Carmen (Alexa Vega, The Deep End of the Ocean, Ghosts of Mississippi) and Juni (Daryl Sabara) are the children of Gregorio (Antonio Banderas, The Thirteenth Warrior, Play It to the Bone) and Ingrid (Carla Gugino, Snake Eyes, The Love Life). Unknown to their kids, Gregorio and Ingrid are two ex-spies that fell in love and settled down to raise a family. A sense of wanderlust compels them to venture forth on another mission when many of their former allies go missing. They end up missing, and it is up to Carmen and Juni to rescue them and save the world. Their chief enemy is Floop (Alan Cumming, Get Carter, Company Man), the host of a children's television show. Carmen and Juni are unlikely heroes, since they have no idea what they are doing. They are just making it up as they go along.

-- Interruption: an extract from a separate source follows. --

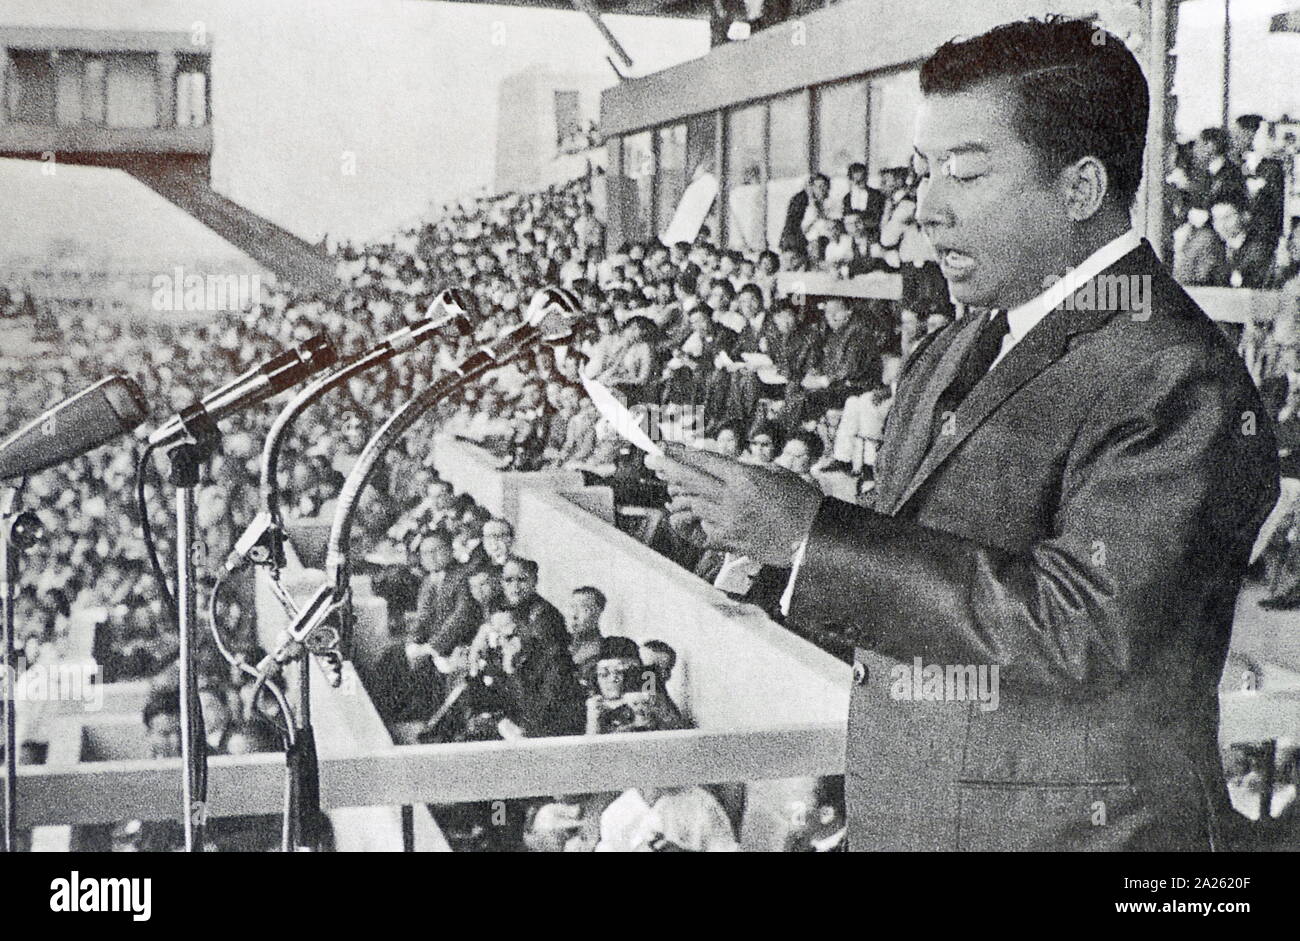 Cambodian ruler Prince Sihanouk opens the 1966 Pnom Penh, Games of the New Emerging Forces (GANEFO). The games were set up as a counter to the Olympic Games. Established for the athletes of the so-called 'emerging nations', GANEFO was the name given both to the games held in Jakarta in 1963. Stock Photo

Rodriguez's imagination shows in the details. Ingrid has a makeup counter that doubles as a computer. Carmen and Juni have tons of cool gadgets, like jetpacks and miniature cameras. The coolest looking thing (which unfortunately is not on screen too long) is the Guppy, a small escape ship/sub that looks like a, well, guppy. Floop lives in a huge castle, which oddly does not look out of place next to all the high-tech gizmos. He has robot henchmen called Thumb-thumbs. They have thumbs for their arms, legs, and heads. This is a colorful movie. Rodriguez (writer, director, editor, producer, editor, visual effects, some of the music, man this guy does everything!) creates a surreal world that looks like it came straight from a cartoon. Even the chains that strap Gregorio and Ingrid to their chairs are big and different colors. Red seems to be the primary color, and Floop's castle is awash with it. The humor is lighthearted and genial, and there is none of the omnipresent toilet humor. Well, there are two toilet jokes but they are benign compared to what's in other so-called "children's fare."

The adult actors do a nice job also. Tons of Rodriguez regulars make guest appearances, and some unexpected people have roles (would parents want their young children to know Cheech Marin or Cumming's more notorious roles?) Spy Kids also gives Danny Trejo (Reindeer Games, Skippy) his best role in a long time. Trejo is always cast as a thug because he looks like a thug. His roles tend to be in horrible, requiring acting and bad lines. Best of all, the children are not annoying. The younger a child actor is, the cutesier his/her role tends to become. This is distracting. Here, the kids are not mugging for the camera, they are foiling spies and solving problems. Bring on the sequels!

Haro Rates It: Pretty Good.
1 hour, 28 minutes, Rated PG for action sequences and brief language.